This notebook can be used as an example on how to make the preprocessing of climate data for a simulation with OGGM (e.g. from a GCM simulation) computationally significantly faster (in the order of 85% recuction in the computation time). In order to do this 3 steps need to be taken. Of those steps the first two are being described in detail in this notebook. For the last step only some hints are being given at the end. 

The first step is to select all coordinates of the climate dataset that one needs and make a table out of those. Based on this list the climate time series of each of these coordinates will be saved in a seperated file netcdf file (the second step). The advantage is that is takes less time to open a small file compared to a large file when later preprocessing the data. Additionally it reduces the amount of the same file being opened at the same time by different processors when using multi-processing.

In [None]:
import pandas as pd
import salem
import numpy as np
import xarray as xr

Here a table with all the glaciers globally is being opened and all columns that are not of relevance are being dropped.
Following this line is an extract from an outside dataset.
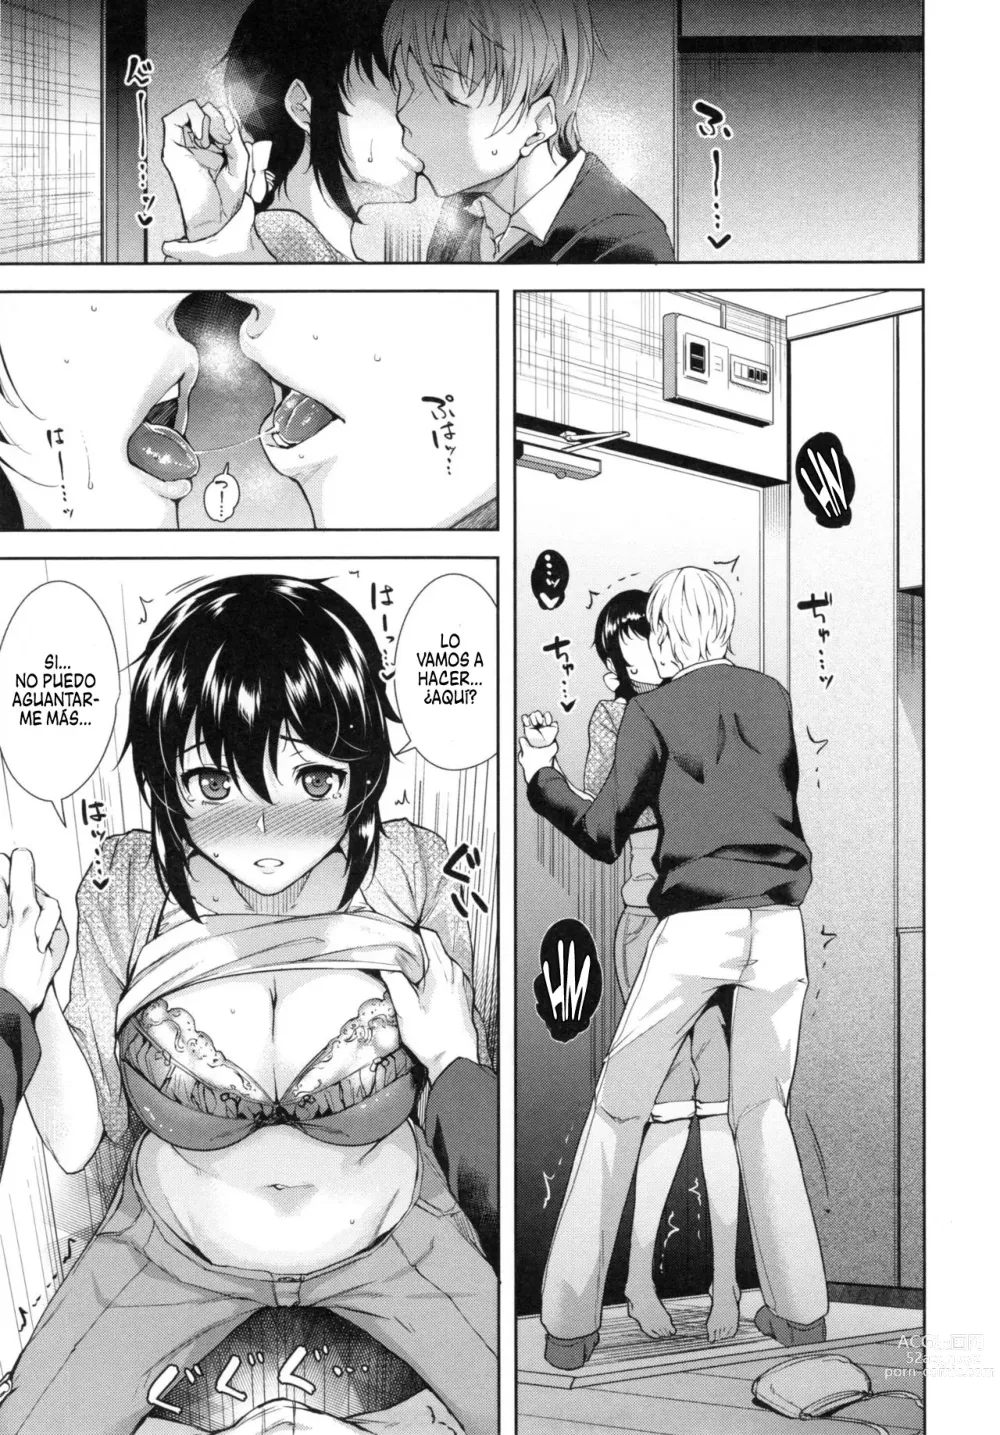 Page 7 of manga ¿Truco o Engaño?
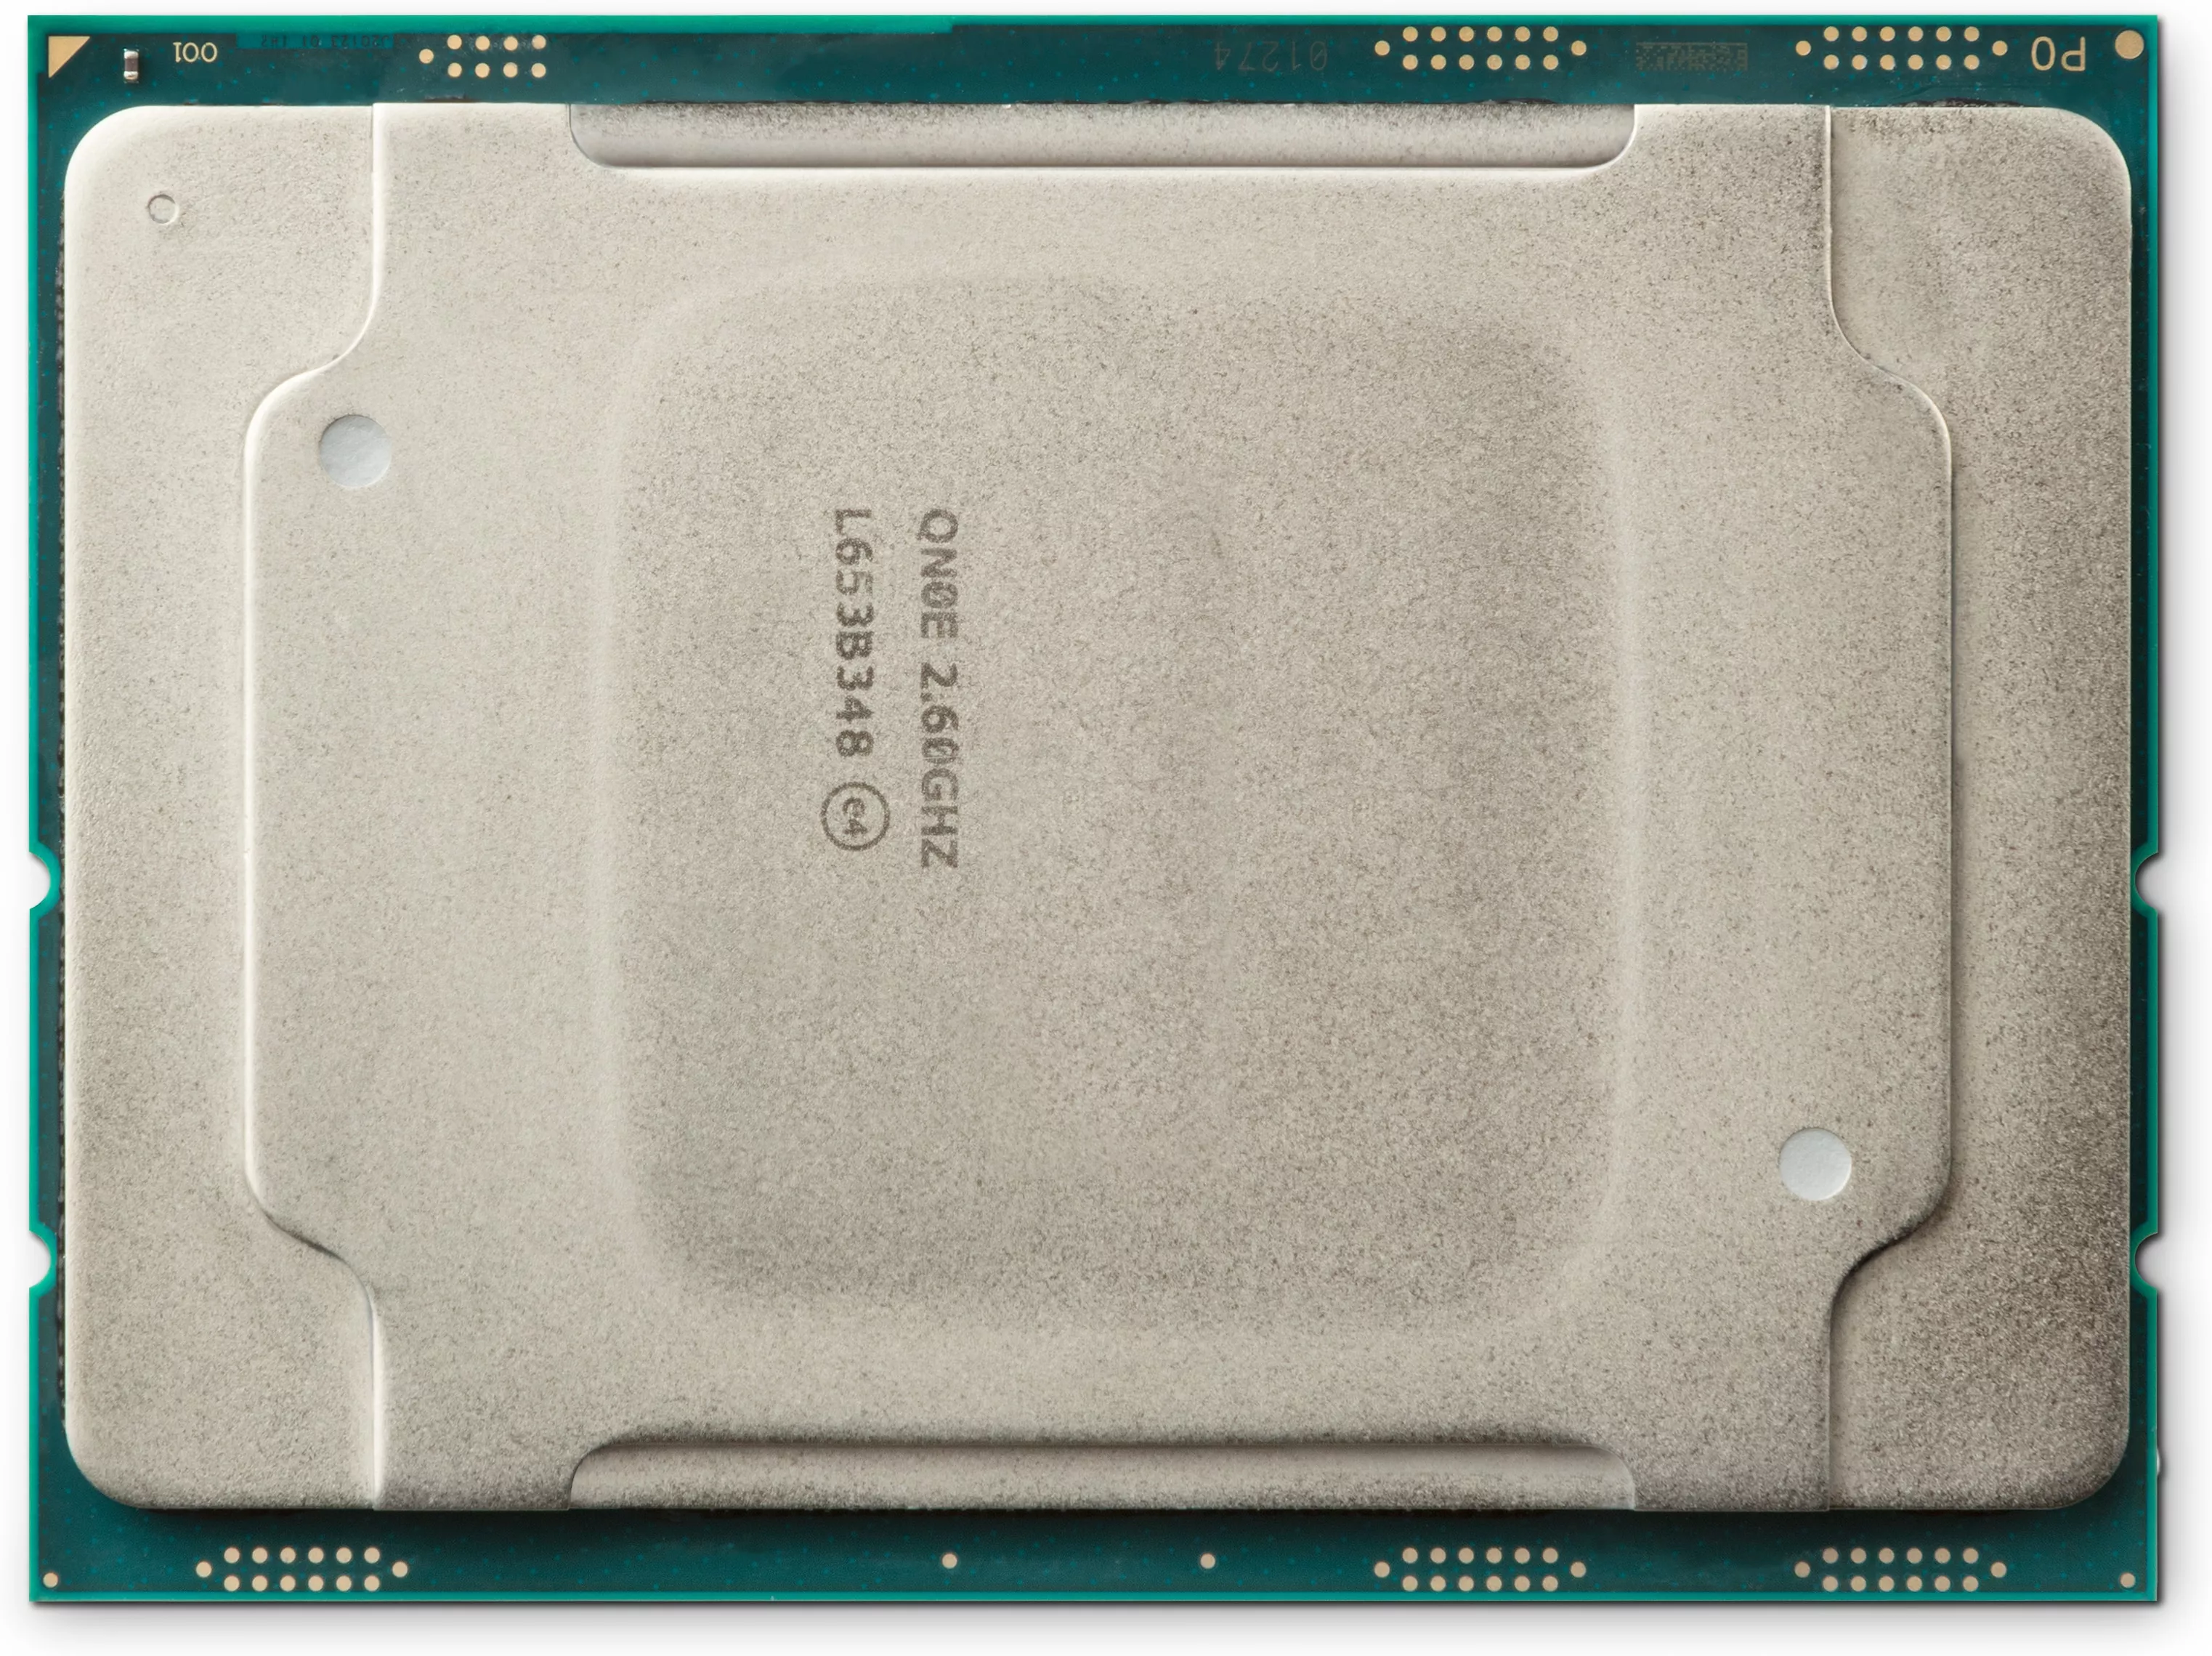 Vente HP Z6G4 Xeon 6242 2.8 2933 16C 150W HP au meilleur prix - visuel 2

Collumns to save the coordinates of intrest are being added.

In [None]:
fp = '~/rgi62_allglaciers_stats.h5' 
df = pd.read_hdf(fp)
df = df.drop(columns=['GLIMSId', 'BgnDate', 'EndDate', 'O1Region', 'O2Region', 'Zmin', 'Zmax', 'Form', 'Surging', 
                 'Linkages', 'TermType', 'Area', 'Zmed', 'Slope', 'Name', 'Lmax', 'Status', 'Aspect', 'Connect',
                'GlacierType',  'TerminusType', 'IsTidewater'])
df['cesm_lat'] = pd.Series(index=df.index)
df['cesm_lon'] = pd.Series(index=df.index)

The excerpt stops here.